Peygamber Efendimiz -sallâllâhu aleyhi ve sellem- bir gün atının terkisine Abdullah bin Abbas -radıyallâhu anhümâ-’yı almış ve şöyle buyurmuştur:
“Ey oğul! Allâh’ı koru (emirlerini tut ki); O da seni korusun. Bolluk zamanında Allâh’ın emirlerini yerine getir ki, darlık ânında sana iyilikte bulunsun. İstediğin zaman Allah’tan iste, yardım dilediğin zaman Allah’tan dile. Eğer bütün insanlar, Allâh’ın senin lehine yazmadığı bir konuda sana faydalı olmak için toplansalar, Allah onlara geçit vermez ise, insanlar buna güç yetiremezler. Yine bütün insanlar, Allâh’ın senin aleyhine yazmadığı bir konuda sana zarar vermek için bir araya gelseler buna güç yetiremezler.
Şunu da iyi bil ki; hoşlanmadığın bir şeye sabretmekte pek çok hayır vardır.
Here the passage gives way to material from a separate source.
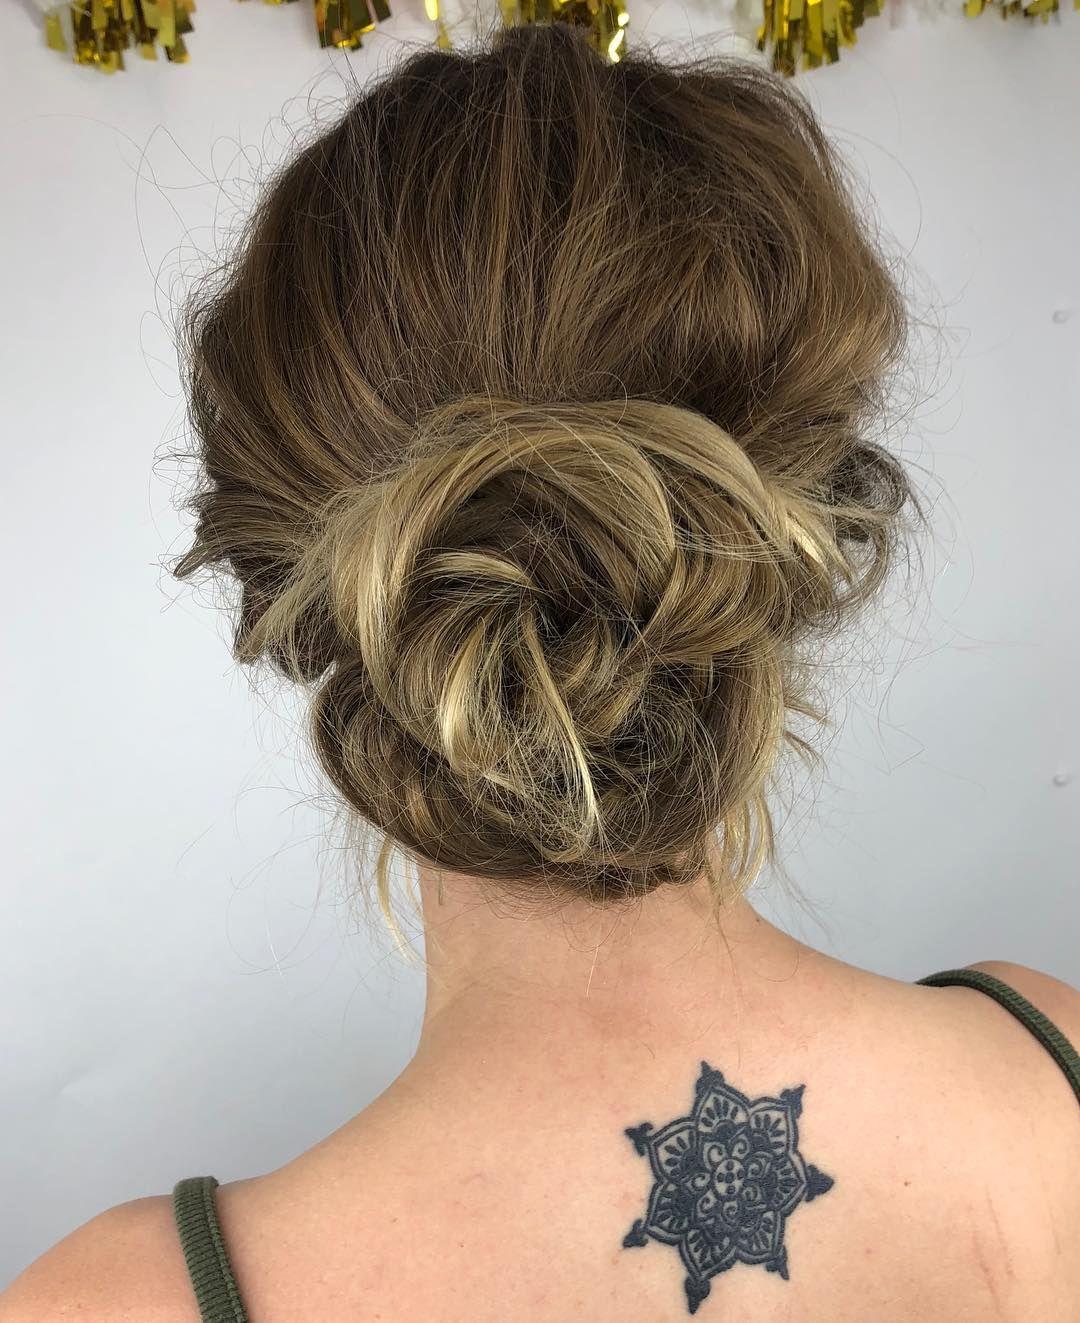 Hairstyle inspiration : Glendora Balayage Specialist

Yardım ve başarı sabırla birlikte, düzlüğe çıkış da sıkıntılarla birliktedir. Şüphesiz her zorlukla birlikte bir kolaylık vardır.” (Tirmizî, Kıyâmet, 59)
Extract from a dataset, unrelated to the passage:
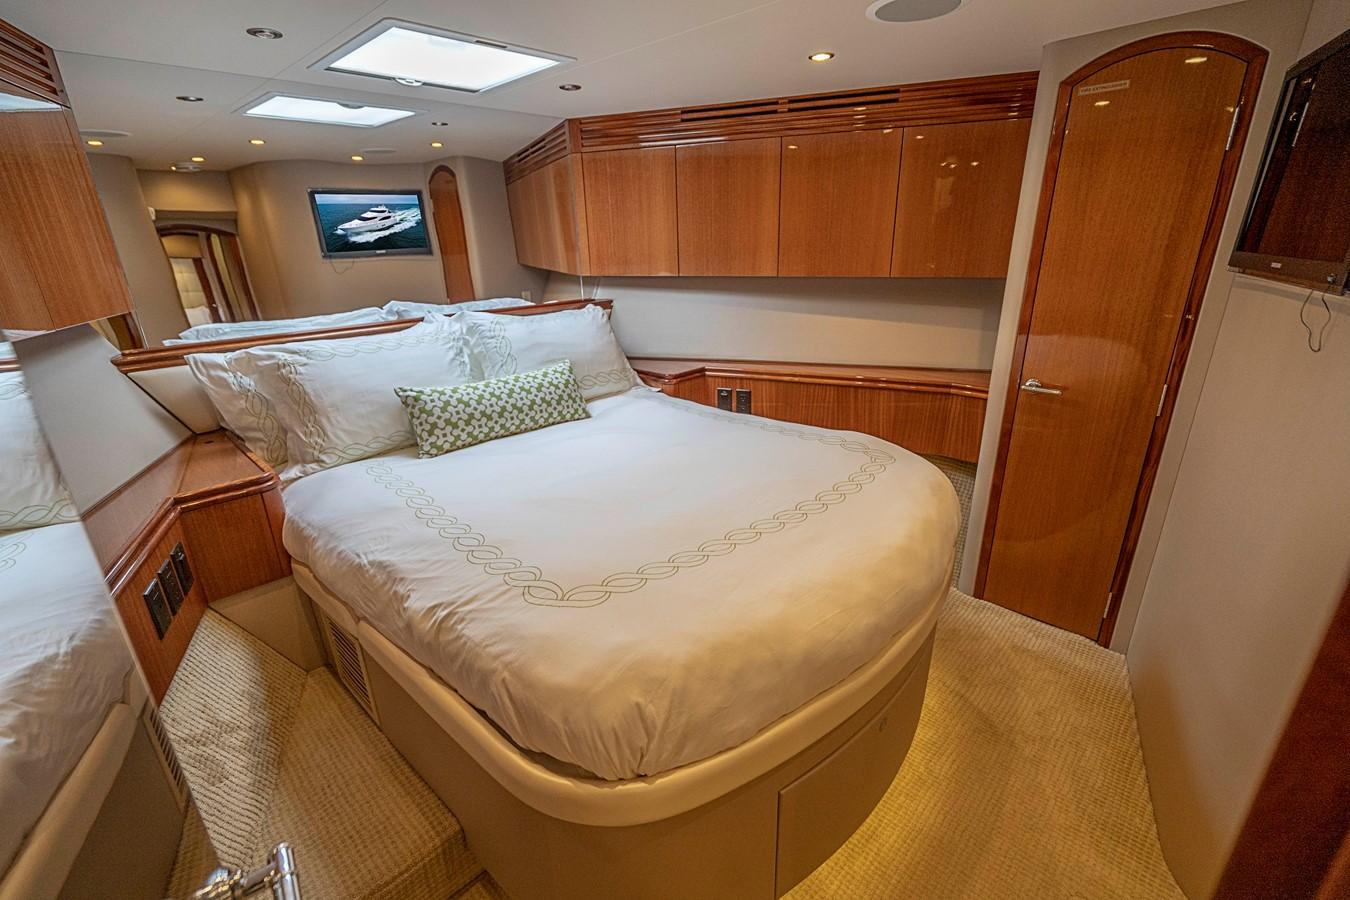 2011 HATTERAS Enclosed Bridge Motor Yacht 2679247

Kim Allâh’ın emir ve hükümlerini gözetir, onları titizlikle muhâfaza eder (tatbik ederse) Allah -celle celâlühû- da onu her türlü ezâ ve cefâya karşı korur.
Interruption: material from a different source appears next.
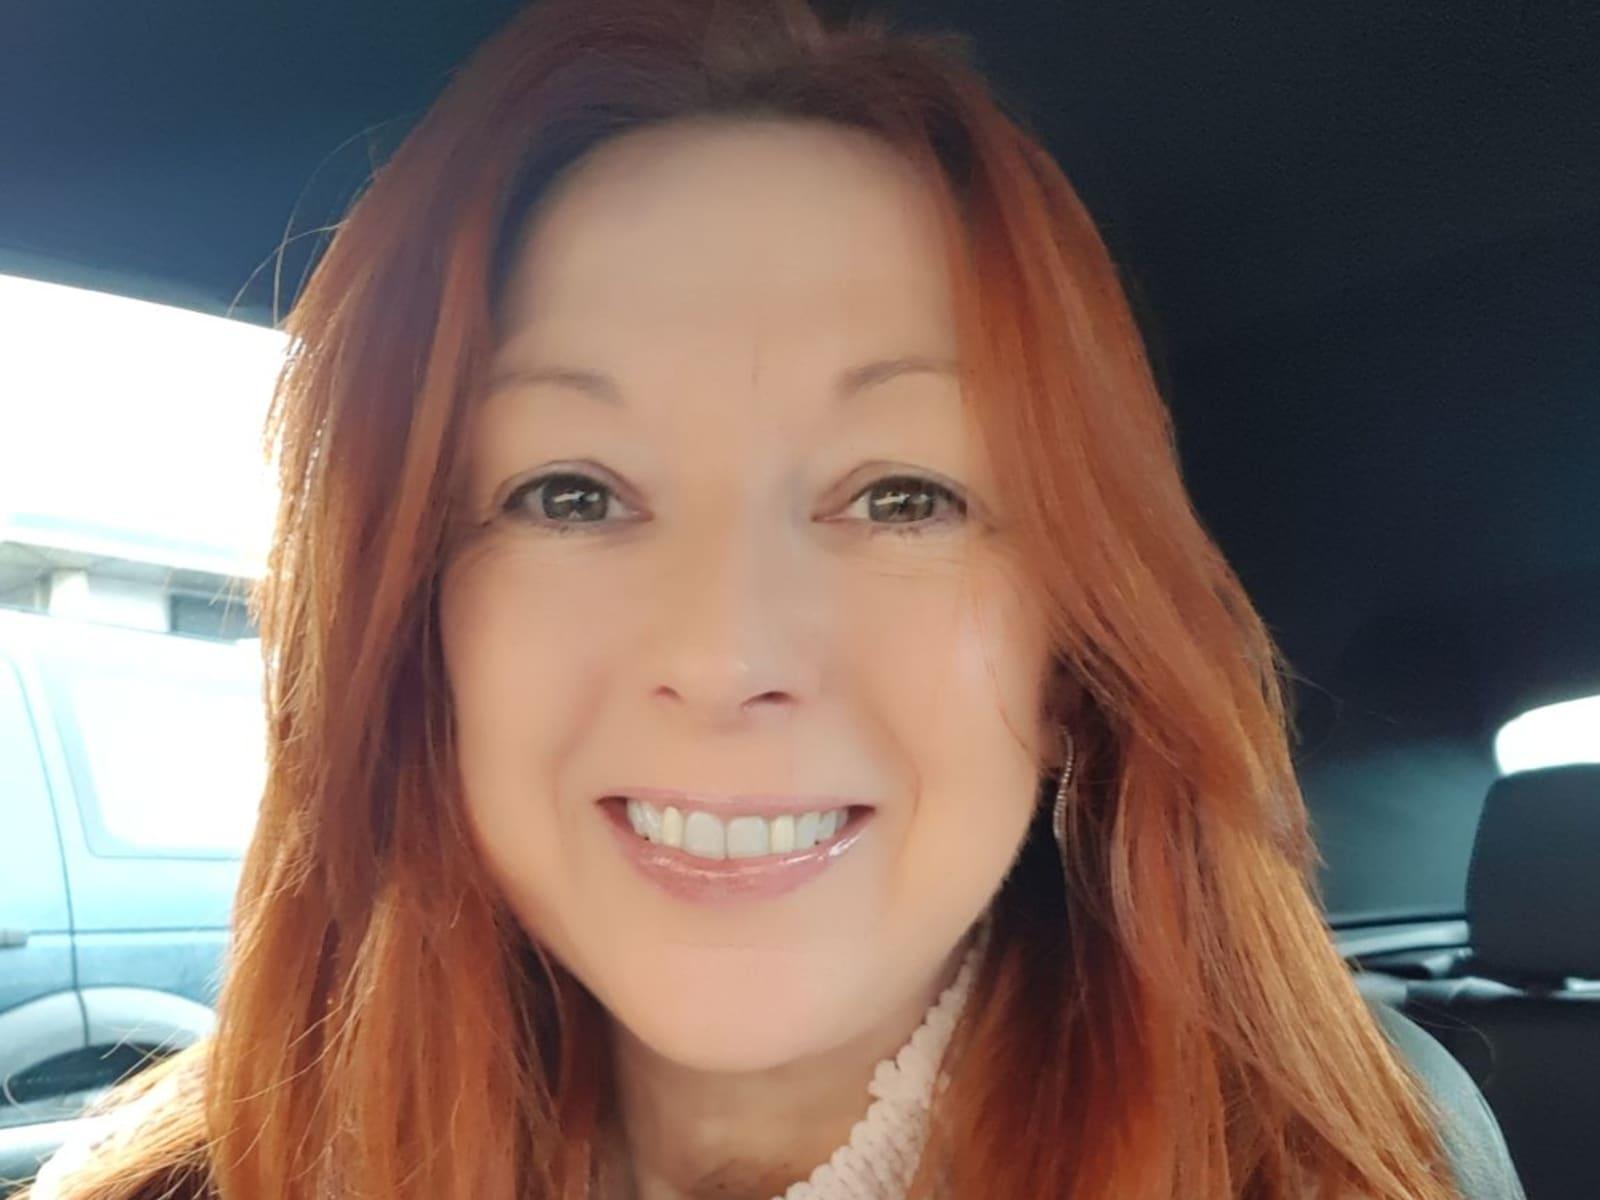 Wendy from Codsall, United Kingdom

Bir kimse Allâh’ın emirlerini zâyî ederse (uygulamaz, gereken dikkati göstermezse) Allah da onu zâyî eder. Allâh’ın mahlûkatı arasında kayba uğrar. Hatta kendilerinden fayda gelmesi umulan âilesi ve yakınlarından bile kendisine zarar ve ezâ erişir.
Nitekim seleften biri:
“–Ben Allâh’a itaatsizlik ettiğimi, hizmetçimin ve bineğimin ahlâkından anlarım.” demiştir. (Ebû Nuaym, Hilye)
Bollukta Allah’ı Tanımak
Peygamber Efendimiz -sallâllâhu aleyhi ve sellem-: “Bollukta Allâh’ı tanı ki; darlıkta da Allah seni tanısın!” buyuruyor.
Bolluk zamanında Allah ile kurulan hususî muhabbet ve ünsiyet, darlık zamanında duâların daha çabuk kabul olmasını ve Allah’tan/Sevgili’den gelen her türlü zorluğun daha kolay aşılmasını sağlar.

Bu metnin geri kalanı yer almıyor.